September 3rd, 2010 | Comments Off | Posted in recipe

supper 2/9/10

We eat a lot of this sort of thing – cheap and tasty. This one started with a tub of lentils from the freezer – no point in cooking just one meals’ worth. I finely diced carrot, red pepper and onion, and some garlic, fried them off, then added some ras el hanouh, and cooked it all through for a couple more minutes.

Then about a mugful of red lentils, and probably three mugs of water (although start with two and check as it goes). Sometimes I put a splash of red wine in; it’s a remarkably versatile base recipe. Bring to a slow boil, and cook for about 40 minutes. That will do us at least four servings, and probably six, depending on how much veg went in it. So that was the lentils.

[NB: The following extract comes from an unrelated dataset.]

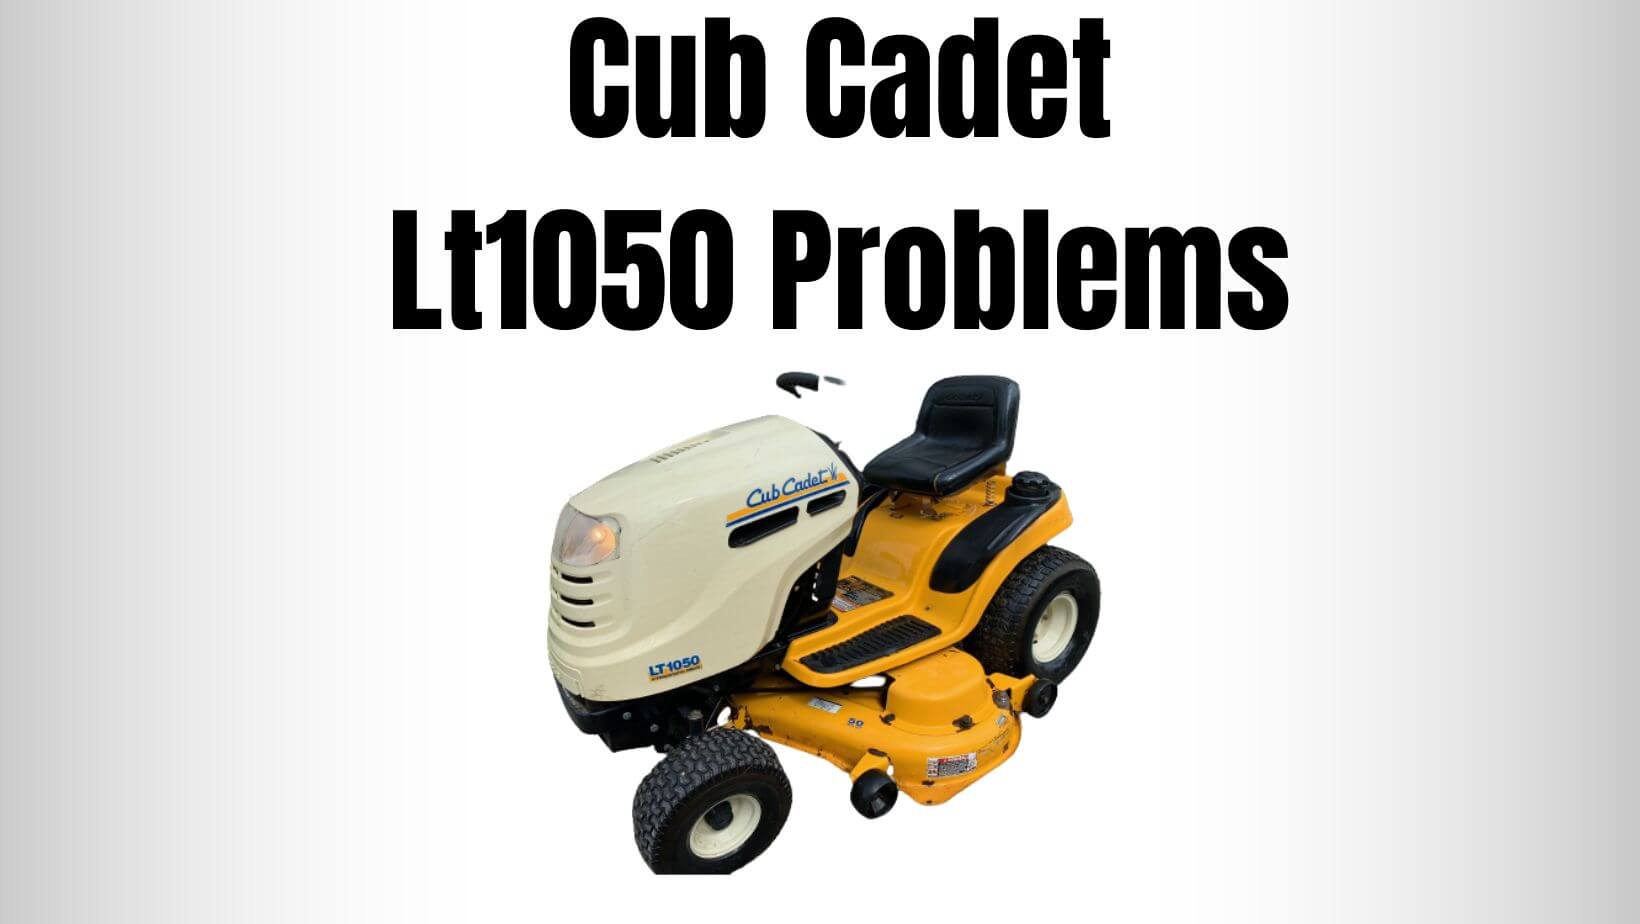 Cub Cadet Lt1050 Problems

I sliced an aubergine, put it on a tray covered in tin foil (saves washing up), drizzled with olive oil, and bunged in a gas 8 oven for about half an hour. Made a white sauce (with wholemeal flour – always use that for pretty much everything) while that was going on.

Then into an ovenproof dish: half the lentils, half the aubergines, a layer of spinach, half the white sauce, then the rest of lentils, aubergines, white sauce, and topped with grated parmesan. At least it should have been topped, but I got a bit confused :) and put the parmesan on before the last bit of white sauce. No matter. Baked in a hot oven for about 25 minutes.

This was using up a wrinkly aubergine, some spinach that doesn’t look as though it’s going to last long, and some grated parmesan I bought for our camping trip – I’d normally put feta on top of this.